Microsoft, Novell Defend Linux Deal
Officials from Microsoft and Novell took to the stage at the Open Source Business Conference on Wednesday to insist their recent cooperation agreement was good for the open source software community, but they were unable to convince everyone of their altruism.
Sam Ramji, director of Microsoft’s Linux Labs, and Justin Steinman, director of marketing for Novell, told a packed audience at the San Francisco event that their companies’ agreement was helping to boost Linux adoption tremendously.
“The only way to do interoperability… you need to do testing, so you need sustained hard engineering… it’s extremely detailed challenging work that would not have been possible without the deal,” said Mr. Ramji.
The two companies last November agreed to a sweeping technology and marketing pact, under which they also agreed not to sue each other’s customers for using the other firm’s intellectual property.
Also:
Microsoft patents attorney Jim Markwith told OSBC it would be "impossible" for Redmond's bureaucrats to respond to the volume of responses that would result form disclosure.

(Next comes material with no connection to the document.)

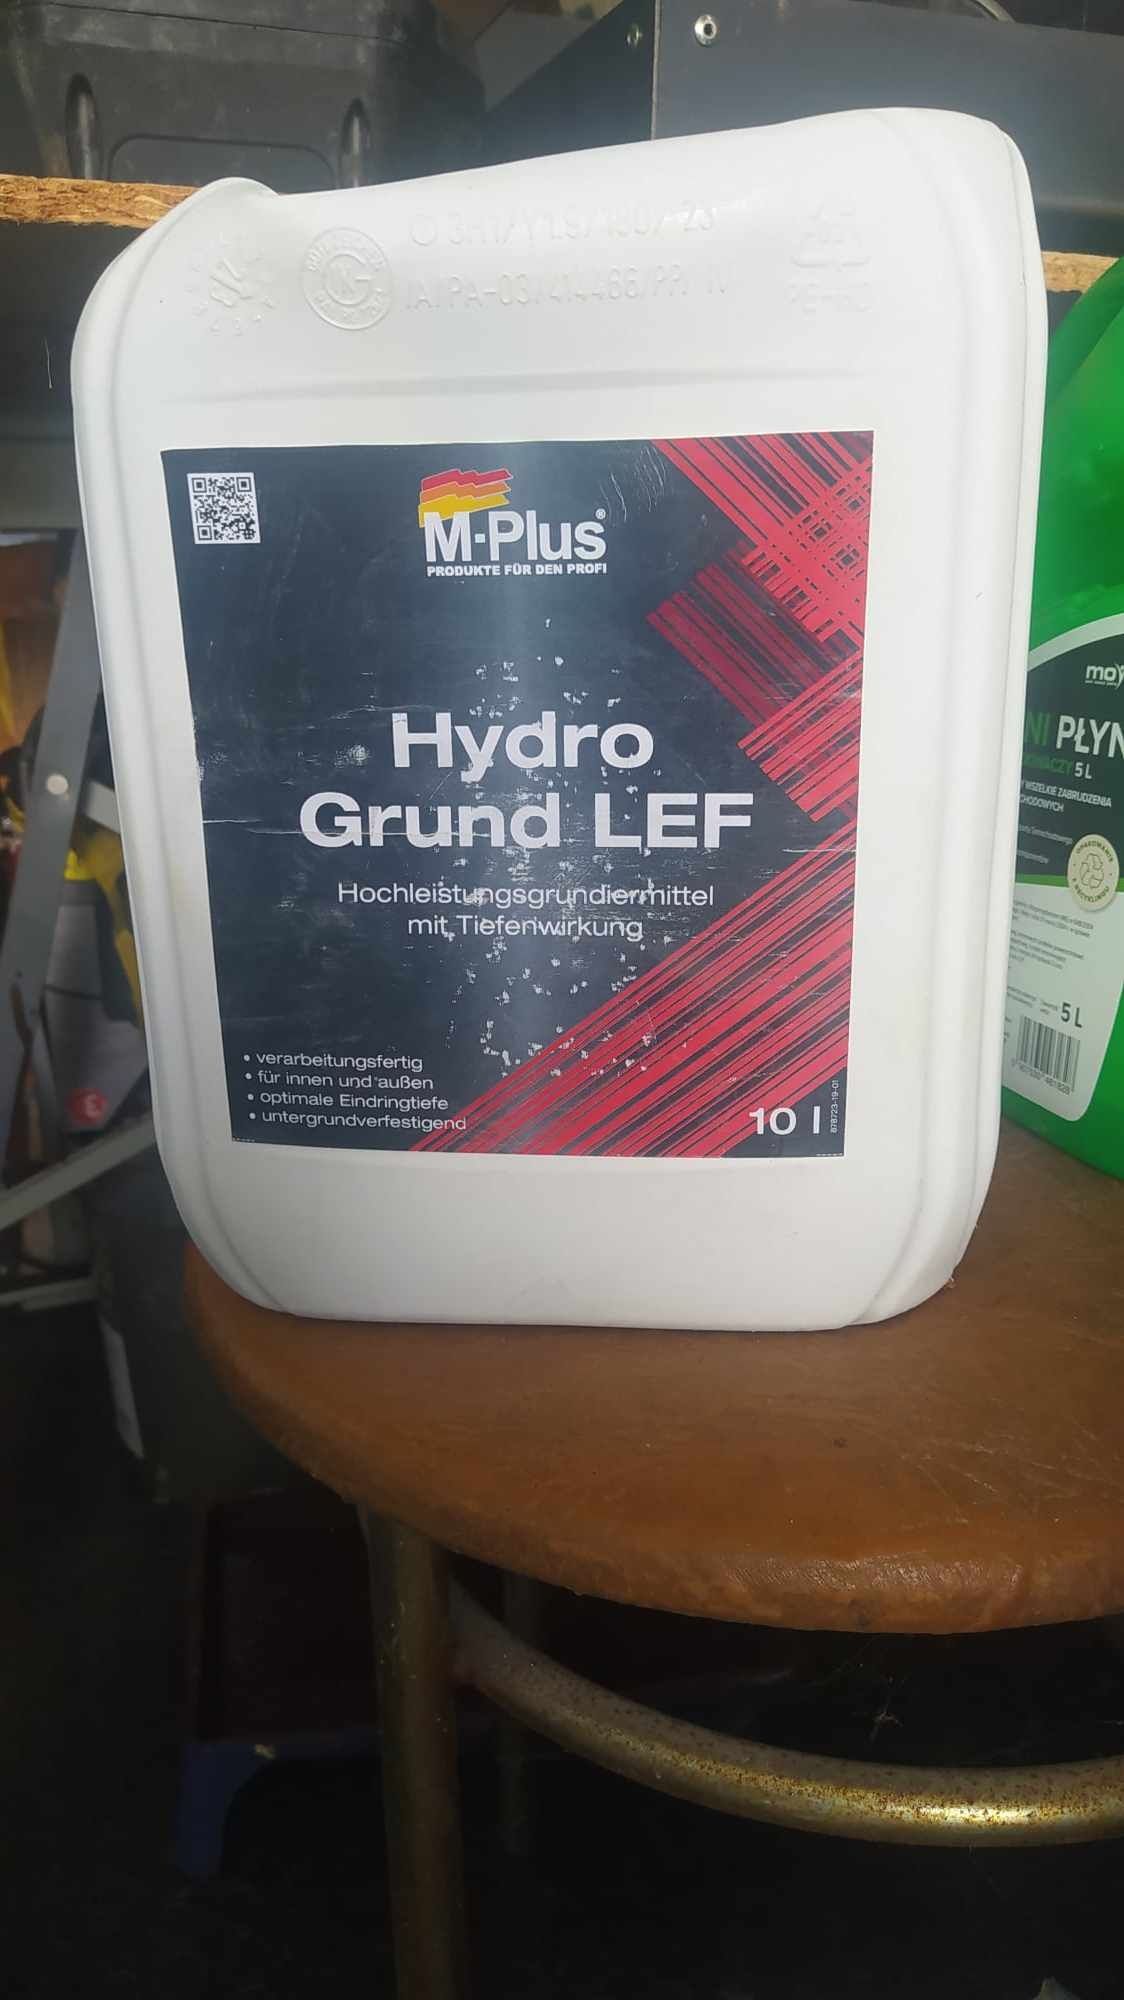 Grunt głęboko penetrujący M-Plus HydroGrund LEF 10l

Also, apparently, it's ungentlemanly to name names.
"Most people who are familiar with patents know it's not standard operating procedure to list the patents," Markwith said. "The response of that would be administratively impossible to keep up with." Far better to rattle sabers instead.

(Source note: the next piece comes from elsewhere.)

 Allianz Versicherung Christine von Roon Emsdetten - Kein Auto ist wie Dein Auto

He spoke up during an Open Source Business Conference (OSBC) panel where Microsoft's director of platform strategy Sam Ramji joined Novell's director of marketing for Linux and open platform solutions Justin Steinman to explain why their controversial sales, marketing, technology and patent agreement is beneficial for open source.
Steinman trotted out names and numbers he claimed proved the agreement is driving adoption of Linux and open source.